Вернадский | страница 52
Внешние условия жизни Вернадских в эти годы были как нельзя более благоприятны. Муж и жена жили, по выражению Владимира Ивановича, «душа в душу, мысль в мысль». Наталья Егоровна помогала мужу в переводах его статей, так как сама знала в совершенстве все основные языки. Сопровождая мужа в его путешествиях, она фотографировала редкие выходы пород, отдельные образцы минералов и самородков, все, что находилось в музеях Европы. В «Описательной минералогии» и в учебных курсах Вернадского под множеством документальных фотографий стоит имя Натальи Егоровны.

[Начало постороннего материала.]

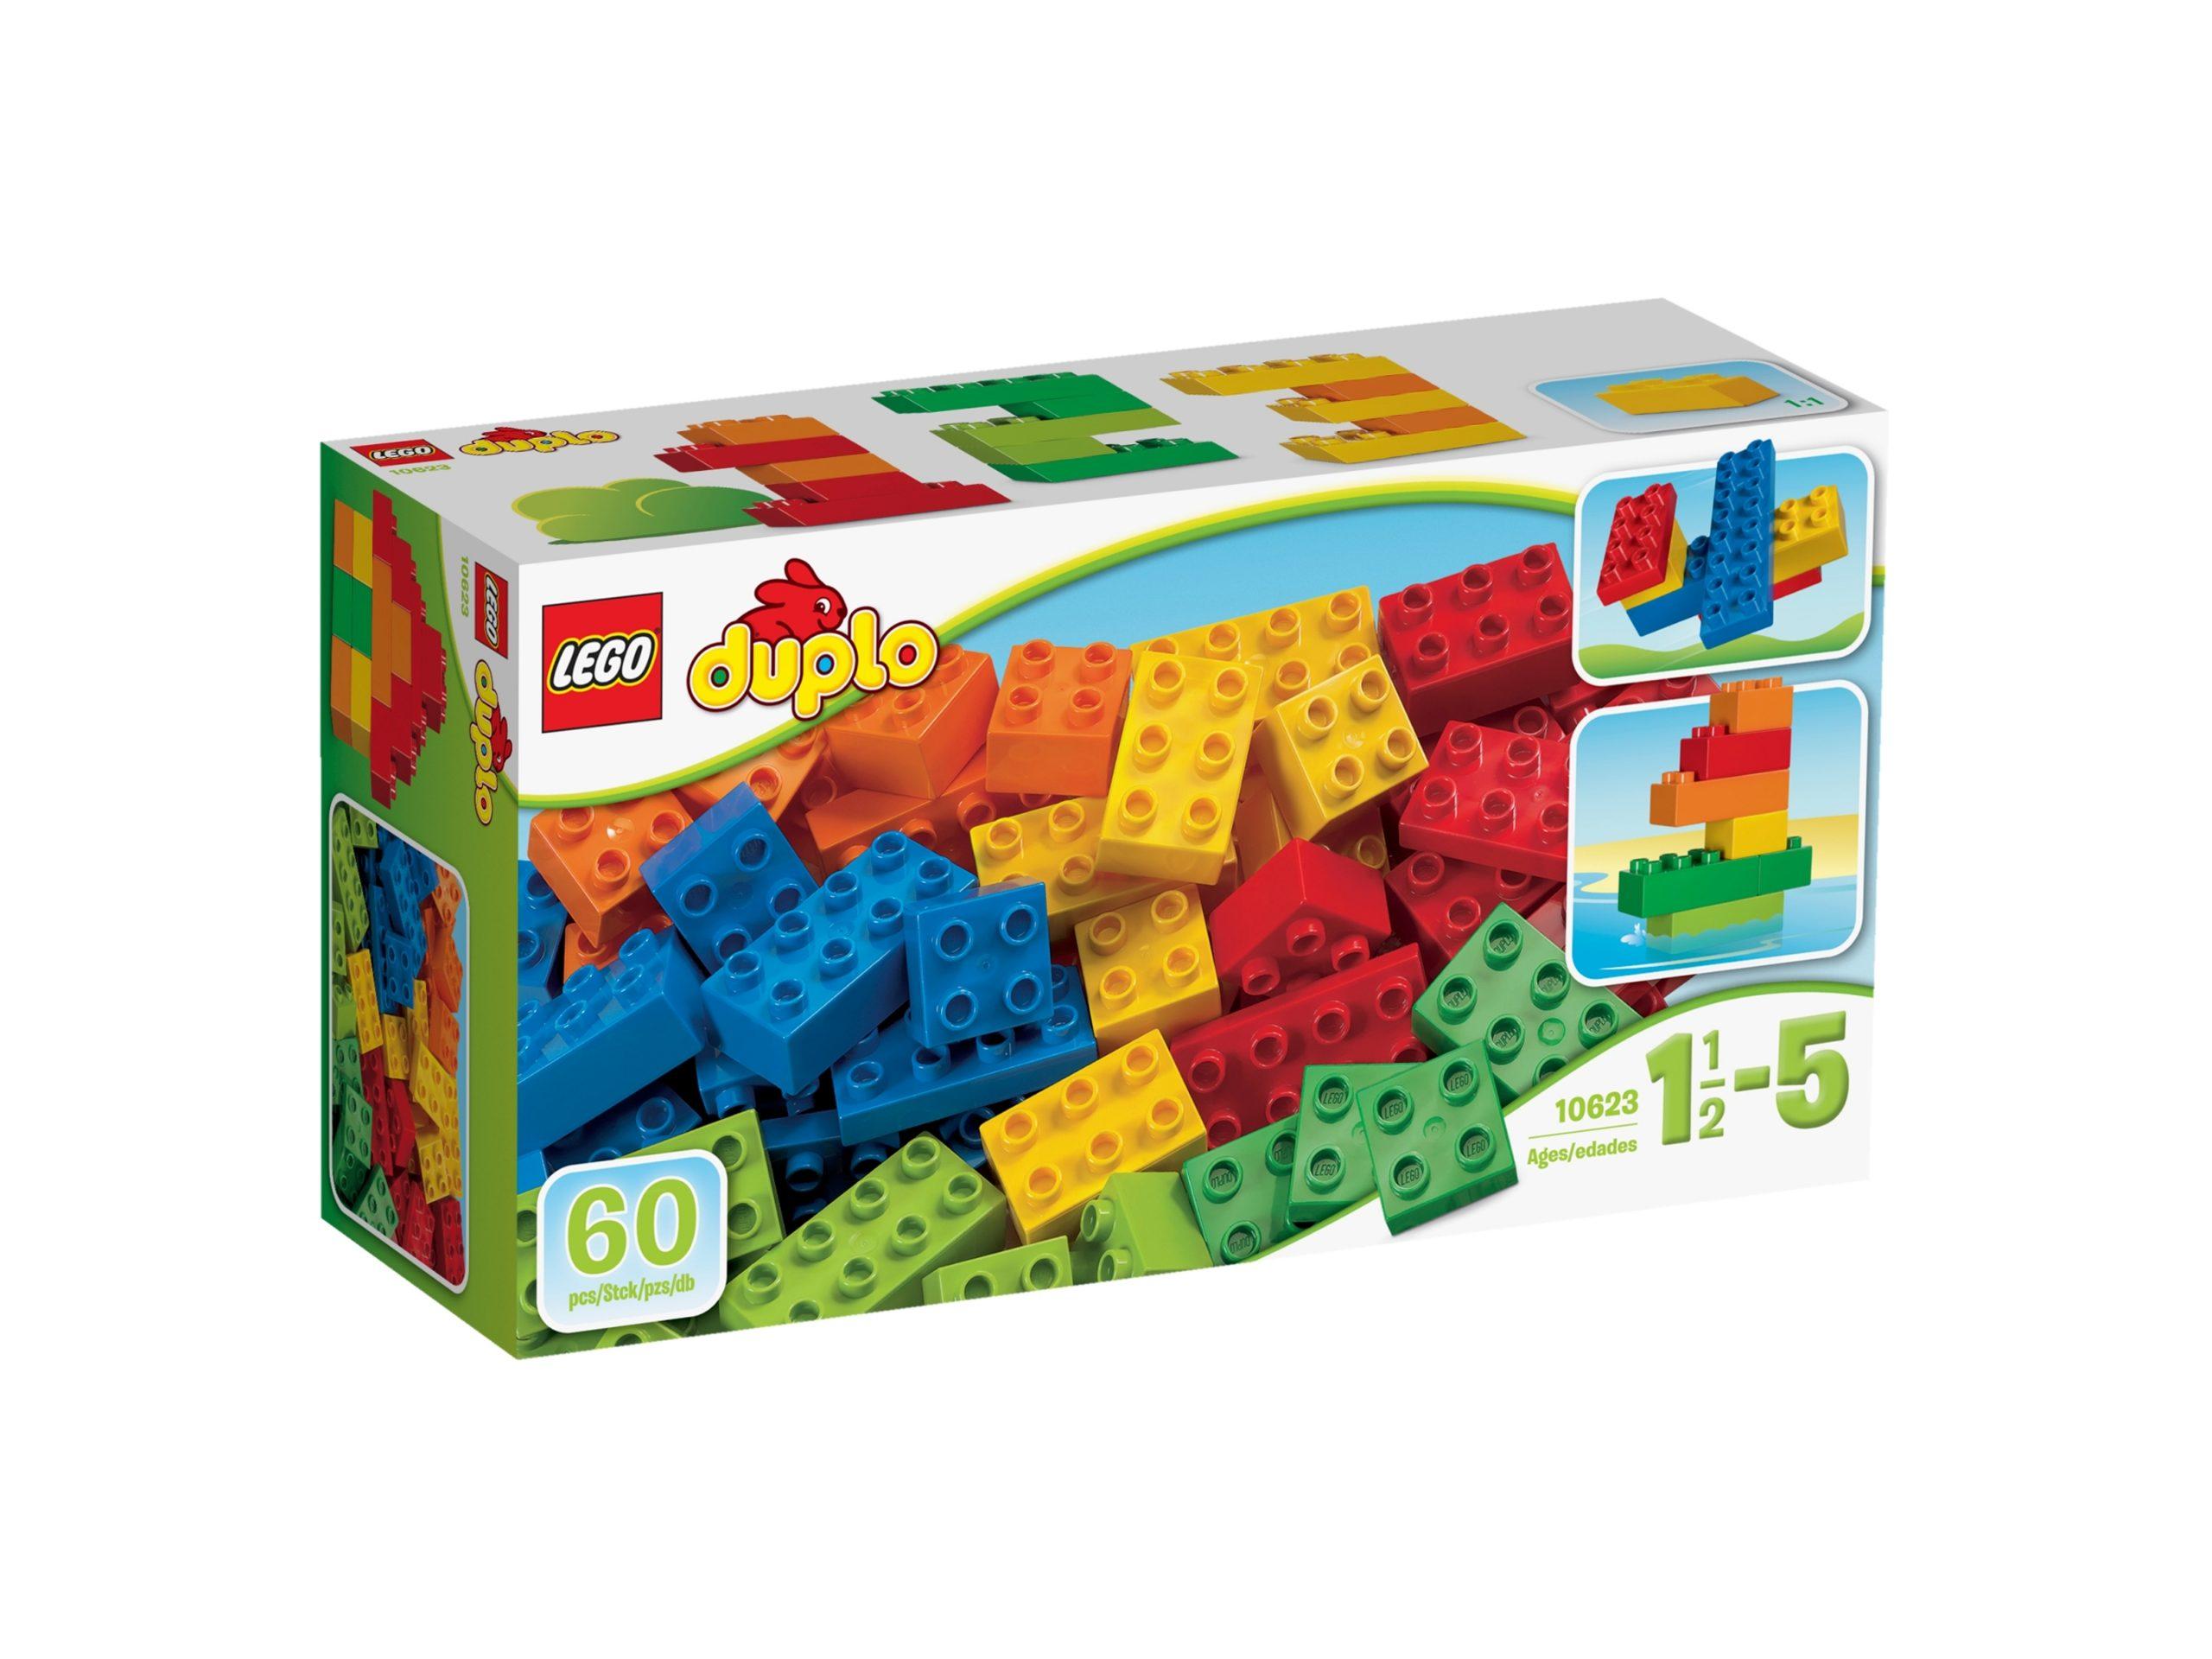 grande boite de complement lego 10623 duplo 10623 scaled

Маленький Гуля рос славным ребенком, не причиняя огорчений. В 1898 году он пошел впервые в гимназию, нахлобучив большую синюю фуражку с белым кантом и серебряным гербом на околыше. В тот же год родилась девочка, названная Ниной. И снова по вечерам слушал Владимир Иванович рассказы жены о том, как в маленькой головке с голубыми глазками начинали проявляться сознание и ум.
Квартира Вернадских то в Трубниковском переулке, то на Смоленском бульваре, то в Георгиевском, то Борисоглебском переулках становилась центром независимо мыслящей интеллигенции. Вечерами бывал здесь Сергей Андреевич Муромцев, профессор и общественник, пугавший большими черными бровями маленькую Ниночку. Нередко появлялся Сергей Николаевич Трубецкой — удивительное соединение глубокого мистицизма и строго научного мышления, покоривший русскую общественность нравственной красотою своей жизни. Бывали товарищи по университету — Сергей Алексеевич Чаплыгин, приходивший в огромных кожаных калошах, каких уже давно никто не носил, и сурово молчавший весь вечер. Бывал Василий Осипович Ключевский, умевший и любивший поговорить так, что и экономист Чупров и зоолог Мензбир, случавшиеся здесь, заслушивались, как студенты на его лекциях по русской истории.
Встречи со всем этим цветом интеллигентской Москвы входили в порядок жизни Владимира Ивановича и не нарушали размеренного ее течения. Как бы ни был заманчив спор гостей, Владимир Иванович, поиграв предупредительно цепочкой на жилете, вынимал часы и вставал, объявляя с мягкой улыбкой:
— Извините, господа, но я иду спать: десять часов, мне пора!
И он уходил и вставал в шесть часов, не изменяя ни в чем установившегося порядка жизни.
Единственная беда преследовала в то время Владимира Ивановича. Каждый вечер, зажигая керосиновую лампу в своем кабинете, он наказывал себе не забыть вовремя привернуть фитиль и каждый раз вспоминал об этом, когда маленькие паутинки копоти уже падали на книгу или рукопись, лежавшие перед ним.